Cracking and purifying:

preparing 500ml of lysate according to lysate TFA/m-cresol 95/5, stirring uniformly, slowly adding thymalfasin full-protection peptide, dissolving, reacting at 30 ℃ for 3 hours, adding the reaction solution into 3600ml of isopropyl ether for settling, centrifuging and drying to obtain a thymalfasin crude product, purifying by using a C18 preparation column, using a mobile phase 0.3% acetic acid aqueous solution, enabling the flow rate to be 60-100 ml/min, detecting the wavelength to be 220nm, tracking the collected solution by using HPLC, and freeze-drying by using a conventional method to obtain the thymalfasin refined peptide, wherein the mass is 36.3g, the purity is 99.61%, and the total yield is 39.0%.

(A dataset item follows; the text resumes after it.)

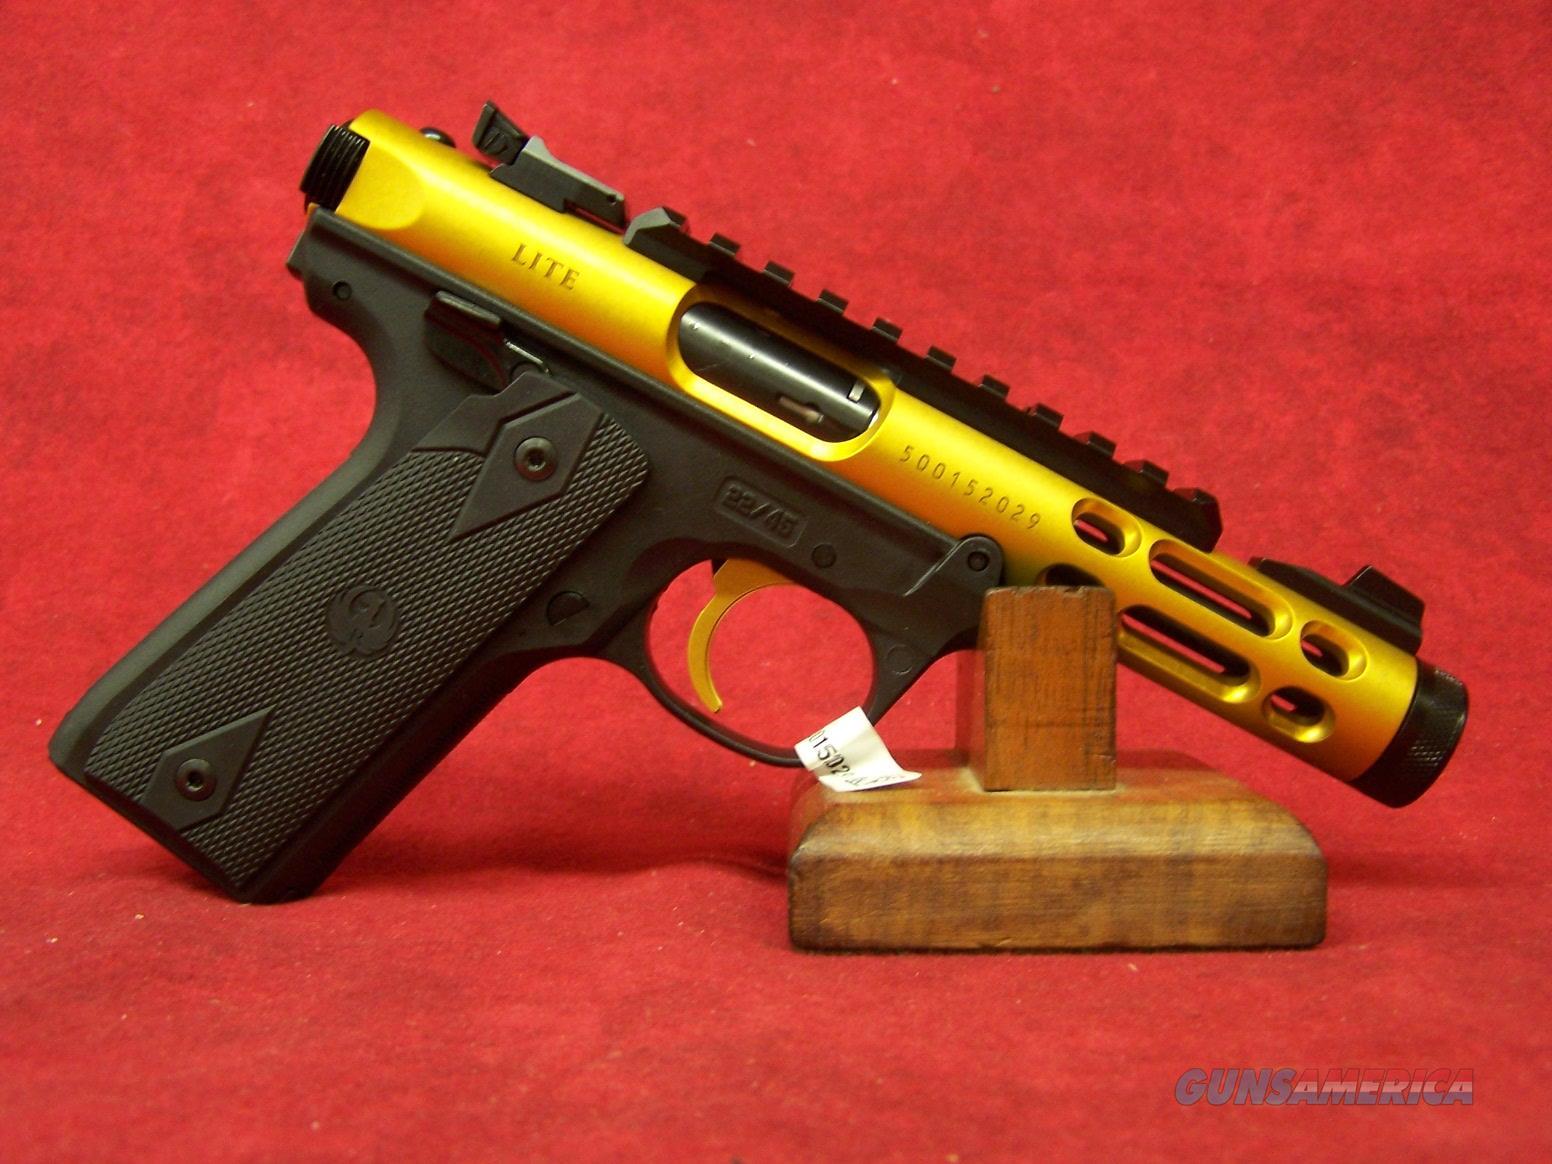 "Ruger Mark IV 22/45 Lite Gold Anodized .22LR 4.4"" Barrel (43926)  Guns > Pistols > Ruger Semi-Auto Pistols > Mark I/II/III/IV Family"

The synthetic route of the invention is shown in figure 1, and the HPLC (high performance liquid chromatography) map of the invention is shown in figure 2, wherein the purity is 99.61%, the maximum single impurity is 0.13%, and the total impurity is 0.39%.

Finally, it should be noted that the above embodiments are only used for illustrating the technical solutions of the present invention and not for limiting the protection scope of the present invention, and although the present invention is described in detail with reference to the preferred embodiments, it should be understood by those skilled in the art that modifications or equivalent substitutions can be made on the technical solutions of the present invention without departing from the spirit and scope of the technical solutions of the present invention.